- **Assignment**
Without including any images, output the listing below exactly.

- **Input data**
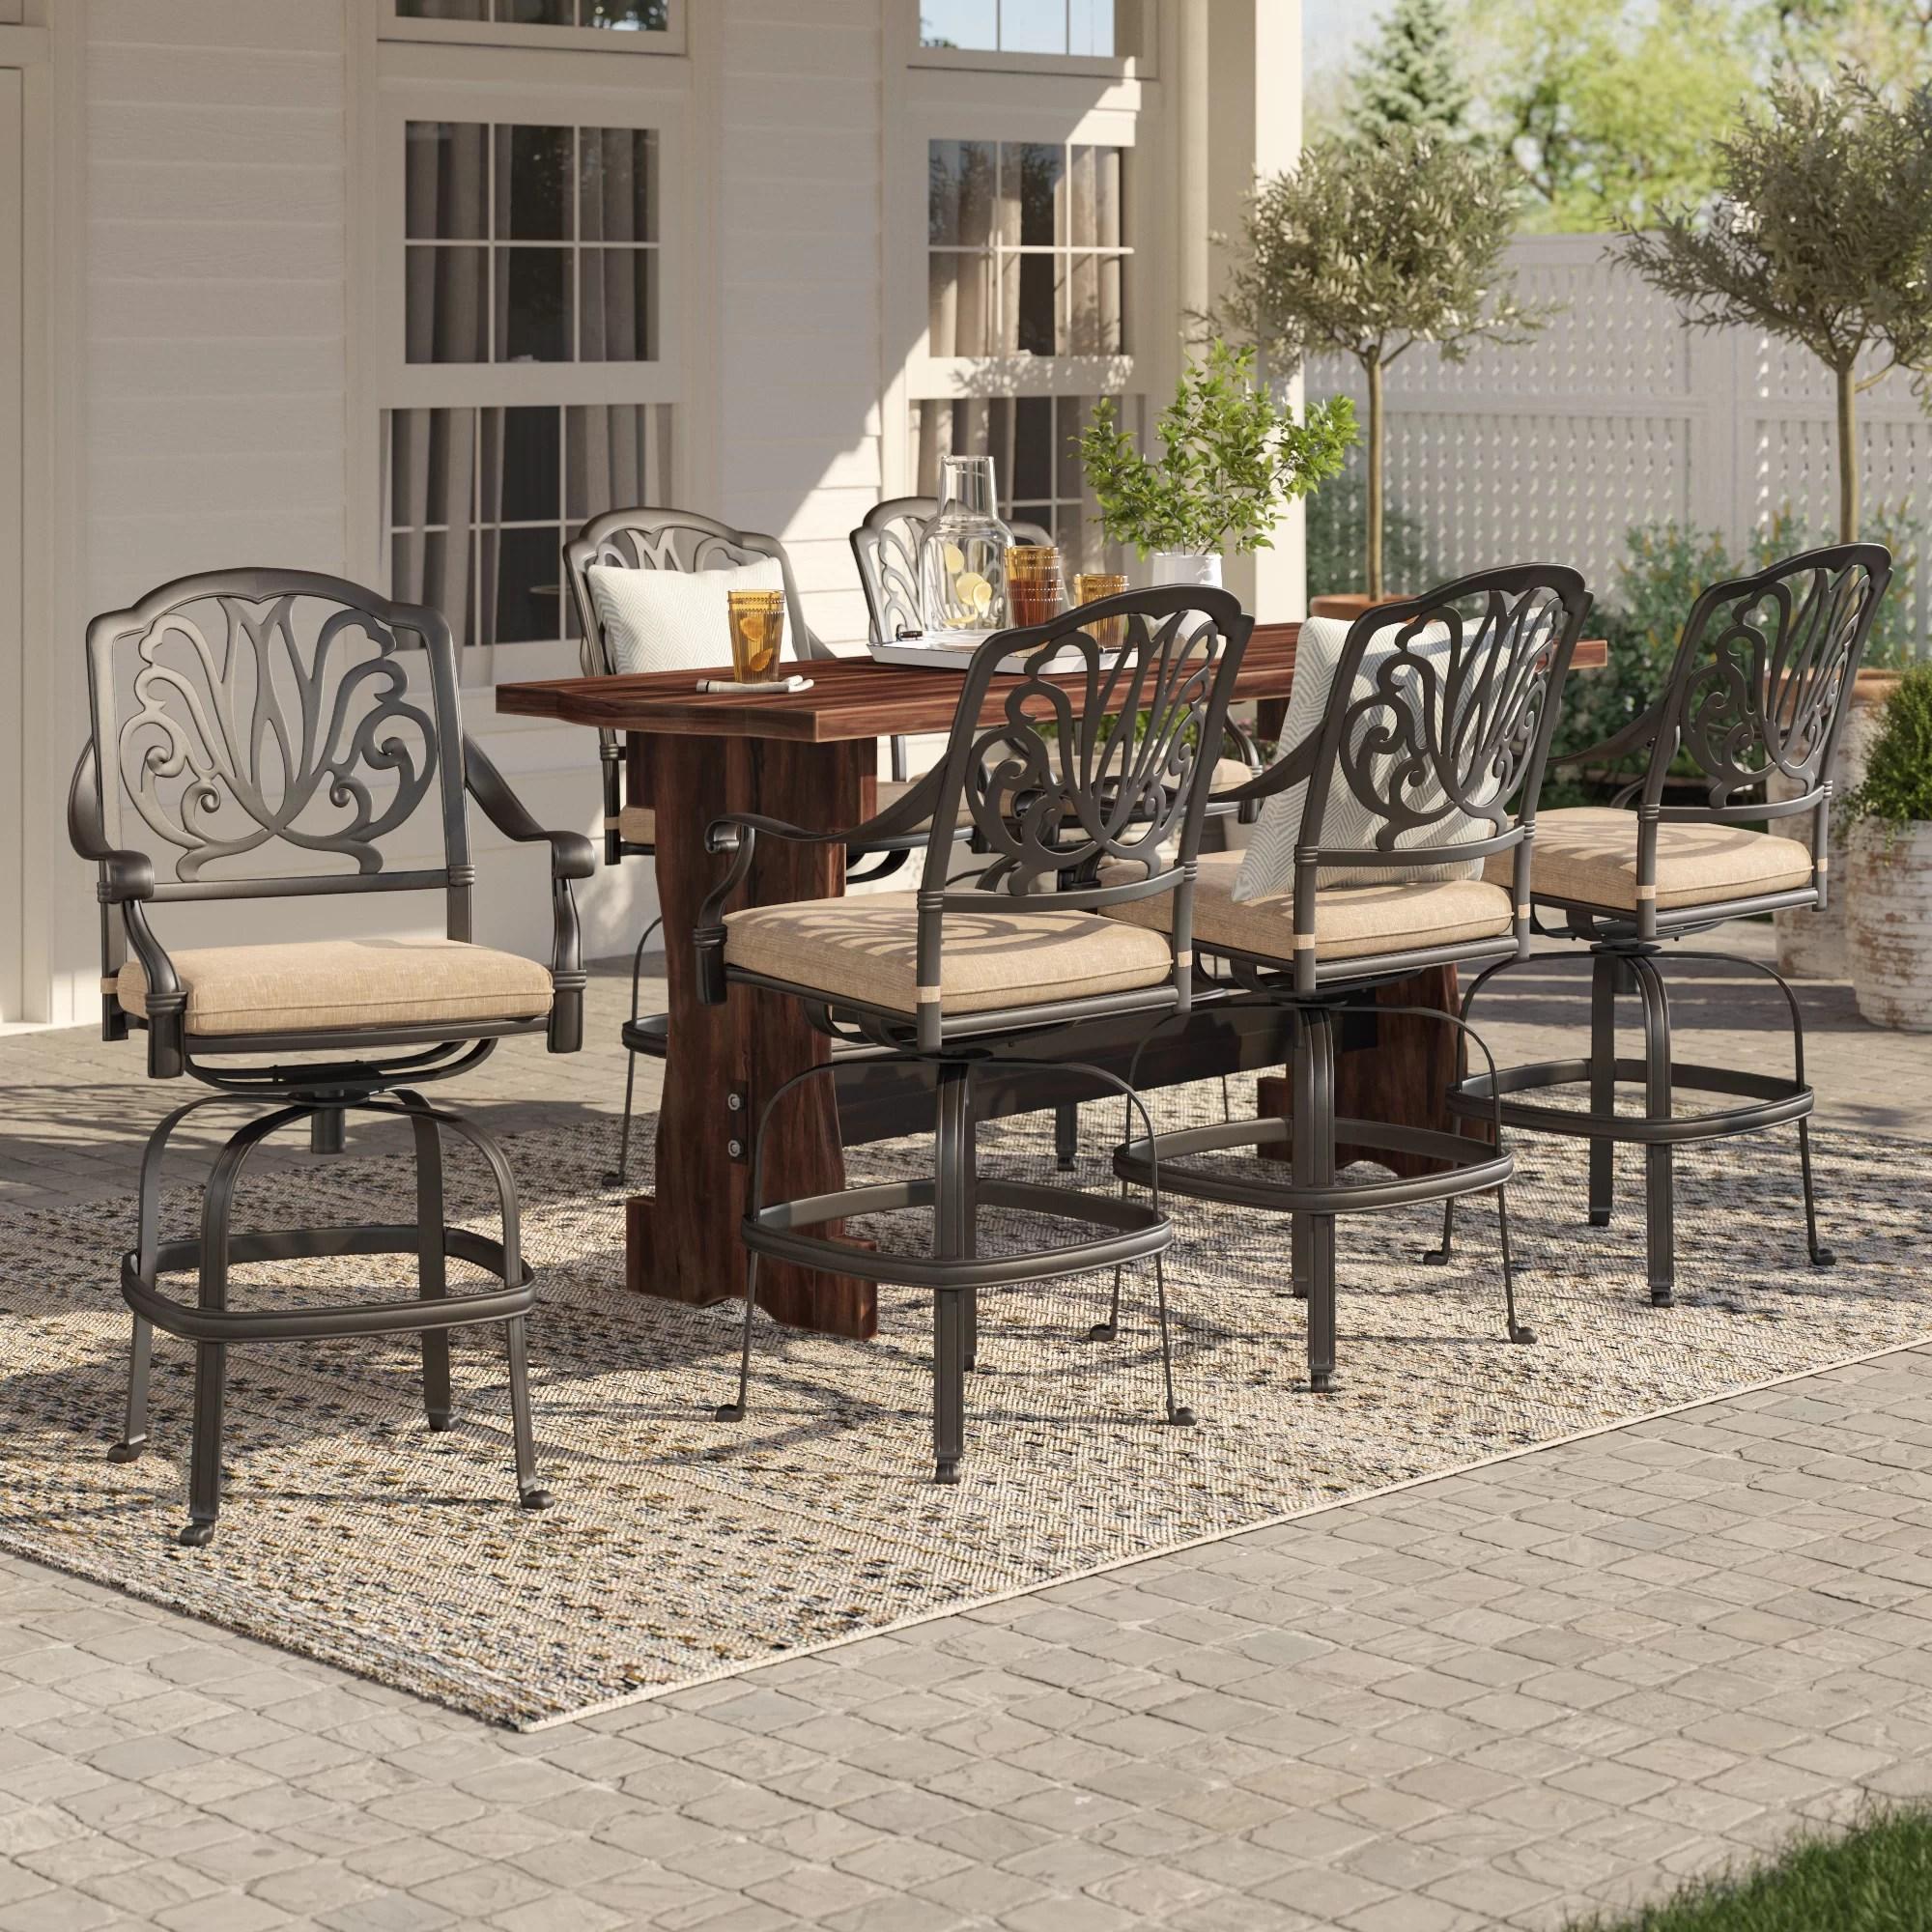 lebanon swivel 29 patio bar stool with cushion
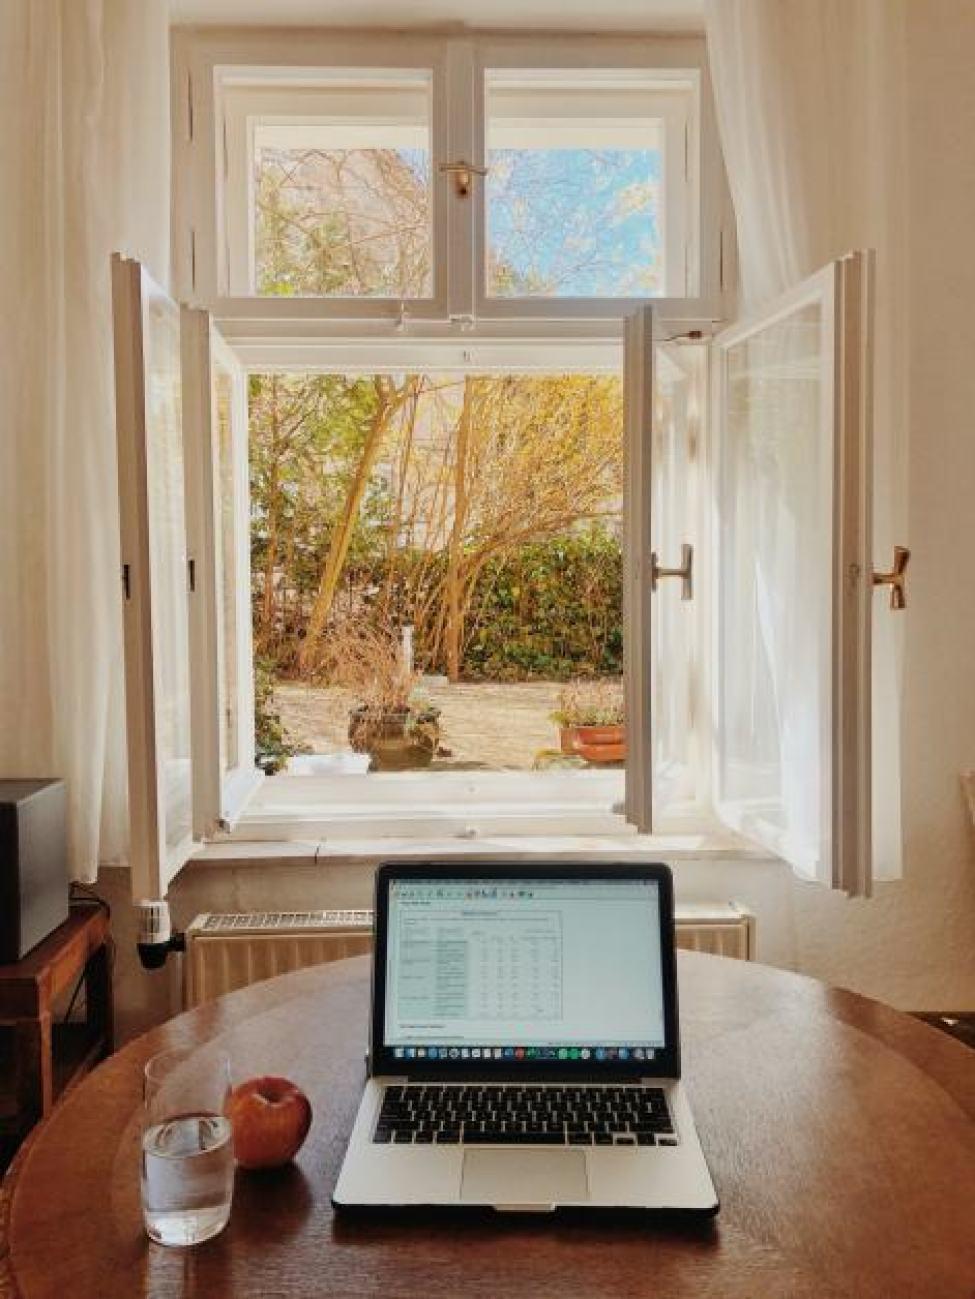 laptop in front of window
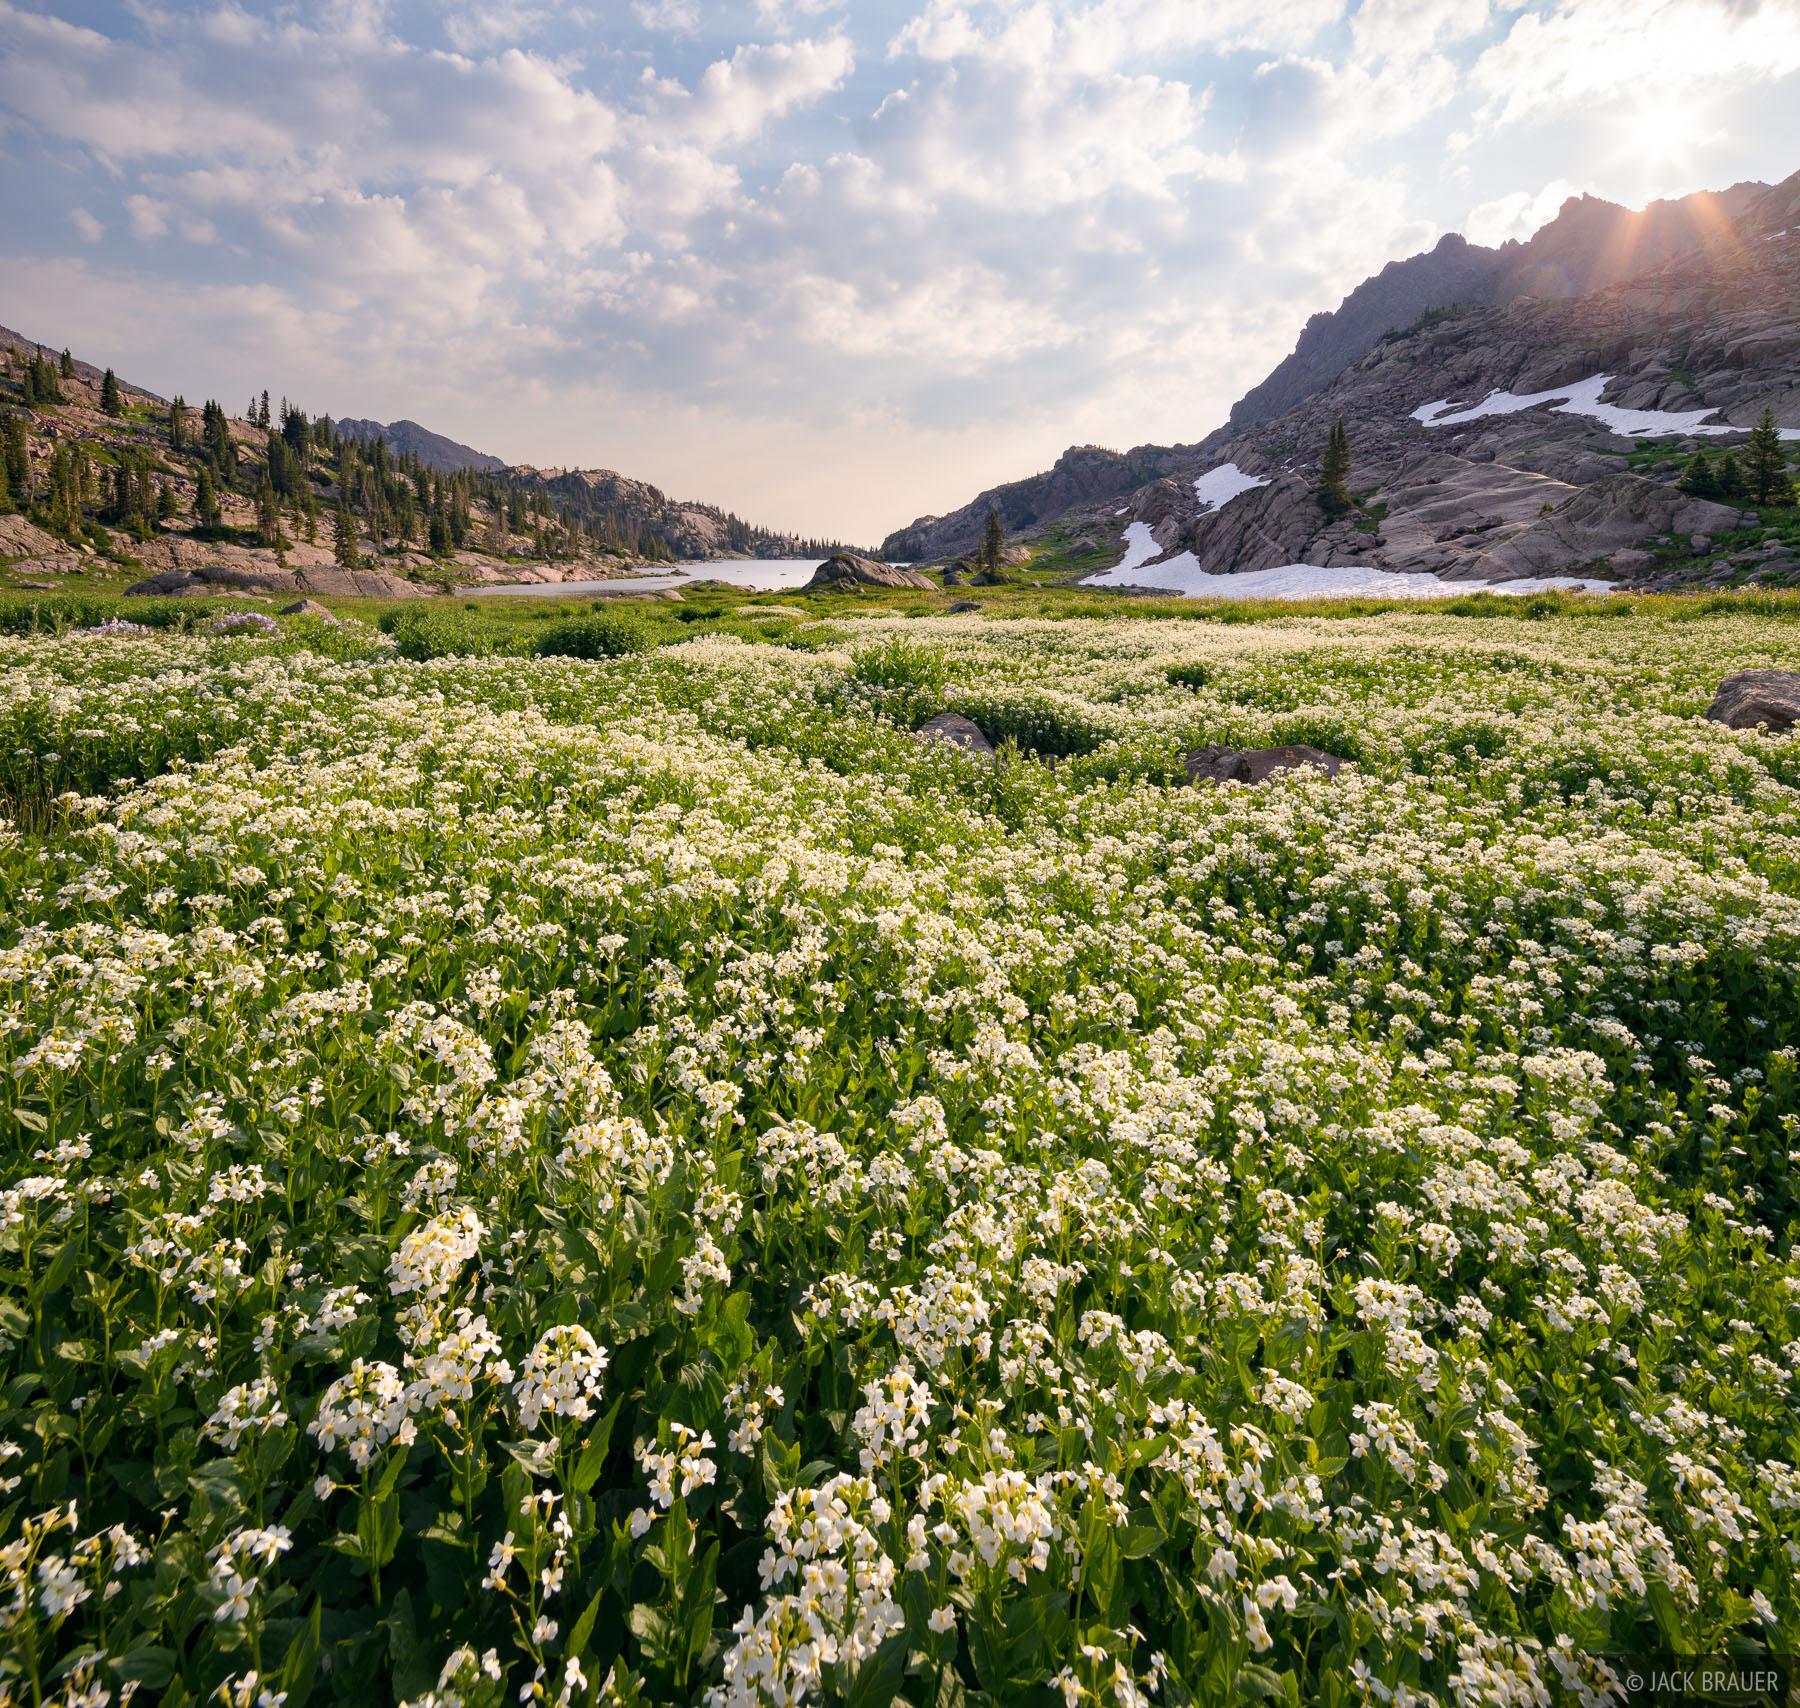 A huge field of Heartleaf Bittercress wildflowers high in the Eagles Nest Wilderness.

- **Response below**
 lebanon swivel 29 patio bar stool with cushion
 laptop in front of window
 A huge field of Heartleaf Bittercress wildflowers high in the Eagles Nest Wilderness.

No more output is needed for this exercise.